Pero la actuación de ese complejo generador de sentido, que es el sistema de medios, no ha pasado desapercibida por sus propios usuarios, como pudo determinarse en el estudio efectuado por el Observatorio Político y Electoral a partir de 620 casos realizados en las puertas de los colegios donde se cumplió la votación en la ciudad de Buenos Aires.

Por un lado, se pudo comprobar el masivo uso del sistema de medios durante la campaña, considerando sus cuatro componentes: televisión, radio, Internet y diarios y revistas papel. El 98,8 por ciento se informó por al menos uno de los componentes y el 35 empleó un medio. Pero el 38,9 por ciento empleó dos y el 17,1 tres. El 7,5 restante se informó por todos los soportes. Realmente una utilización intensiva.

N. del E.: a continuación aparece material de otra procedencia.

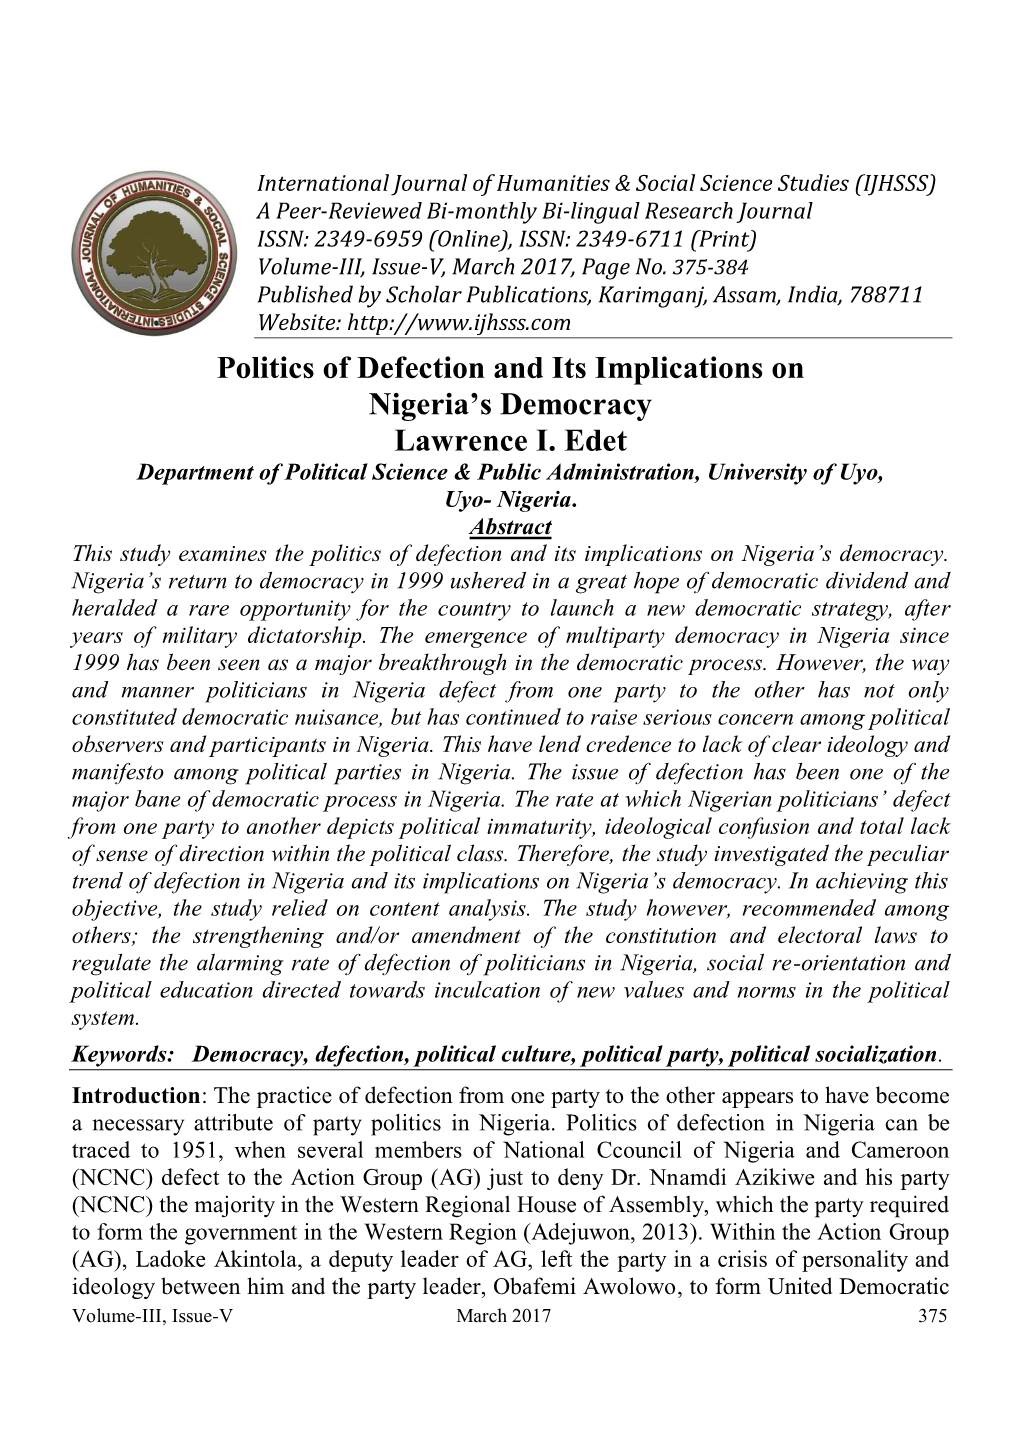 Politics of Defection and Its Implications on Nigeria's Democracy Lawrence I. Edet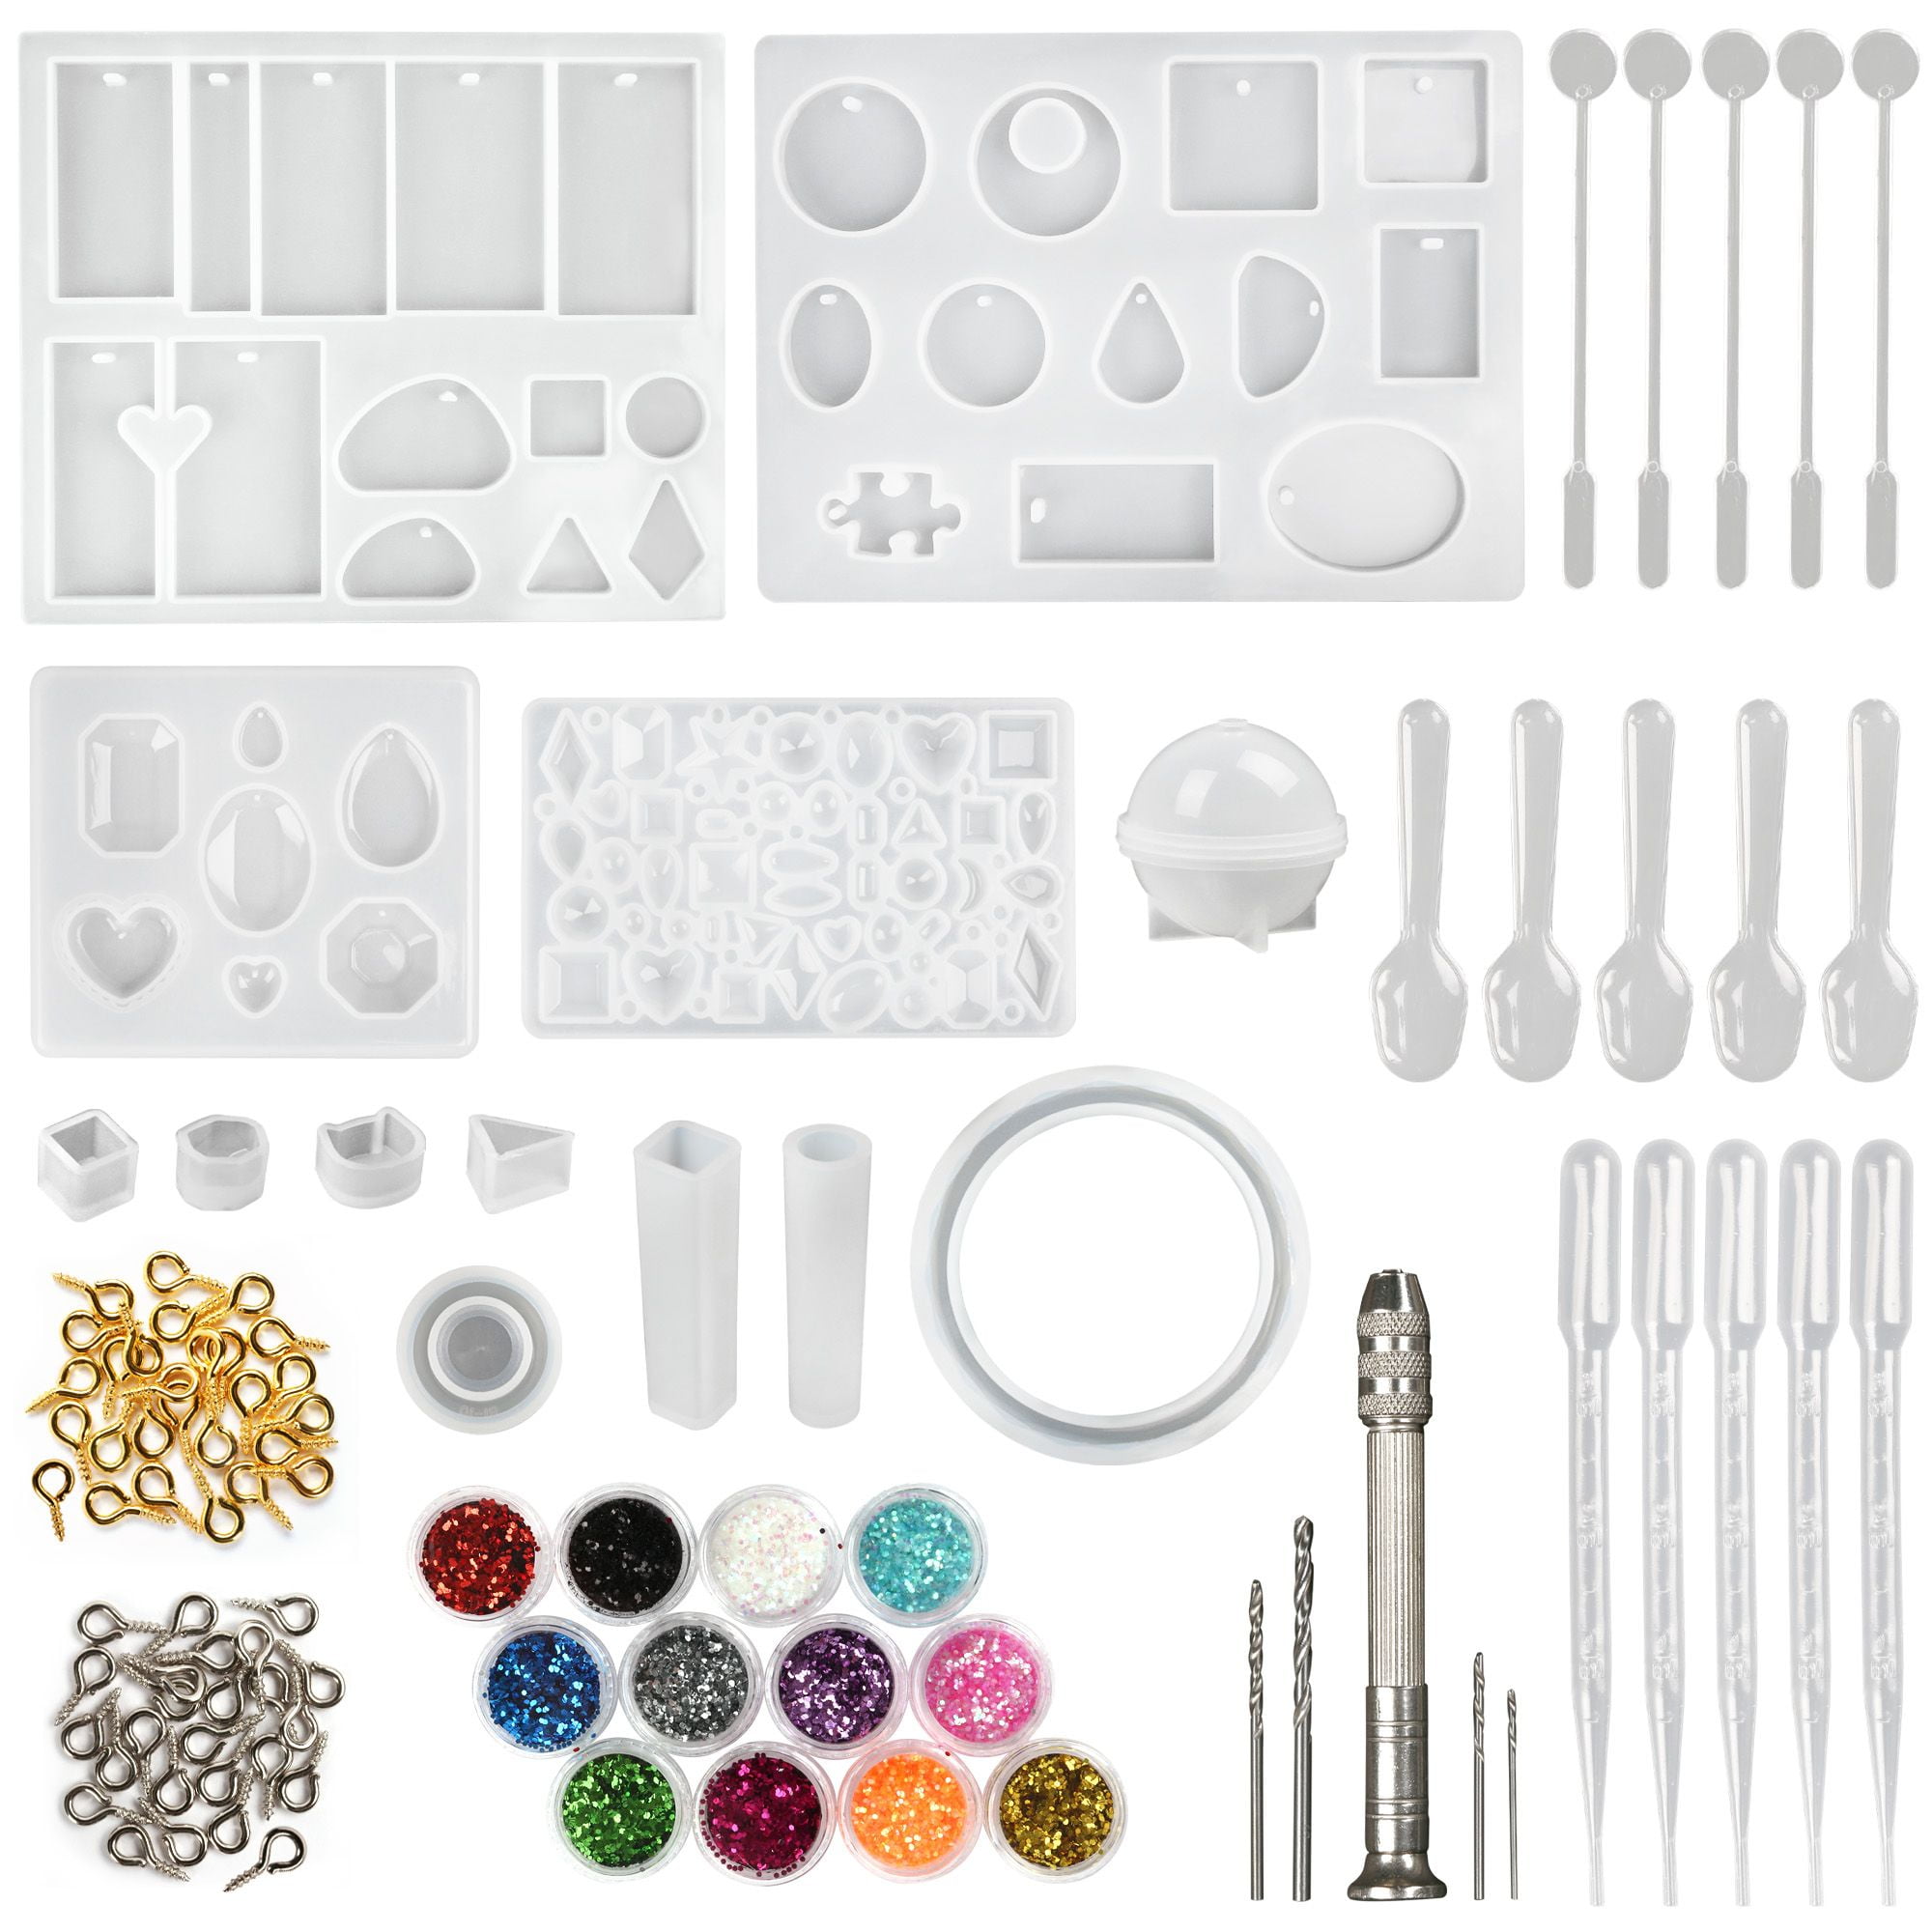 Resin Kit by Craft It Up! - Complete Starter Jewelry Making Resin Kit for  Beginners

Pero independientemente de la exposición a un componente u otro del sistema, más del 80 por ciento cree que en esta instancia los medios favorecieron a algún candidato en particular. Asimismo, el 76,8 de los ciudadanos no cree que los medios sean neutrales a la hora de informar. Esto es, ni más ni menos, el epitafio en la tumba de la objetividad.

Hay un dato peculiar entre quienes se informaron para las elecciones mediante diarios y revistas en papel: sólo el 10,3 por ciento creen que los medios son neutrales a la hora de informar, contra el 17,4 que se informan mediante otros medios. El desarrollo de una mirada crítica por parte de los lectores es un hecho auspicioso dentro de la selva mediática. Pero, a pesar de lo expuesto, la ciudadanía asume que los medios poseen un enorme poder al momento de influir a la sociedad, ya que casi el 62 por ciento piensa que la mayoría de la gente vota según lo que sugieren los medios. Poco lugar quedaría para el discernimiento y la vocación ciudadana.

Sin embargo, este poder otorgado a la razón mediática no es omnímodo: sólo una cuarta parte de la ciudadanía cree que los medios les imponen a los políticos su agenda. Esta asumida autonomía de la clase política supondría una suerte de negociación permanente entre el sistema político y el sistema de medios, donde la ciudadanía ocuparía un rol de observador pasivo.

Cada uno de estos tres actores señalados: ciudadanía, el sistema de medios y el sistema político puede recoger una enseñanza del último proceso electoral. La ciudadanía, la importancia de recuperar involucramiento y participación; el sistema de medios, credibilidad y el político, capacidad para escuchar las necesidades de la sociedad.

* Sociólogo, docente e investigador UBA.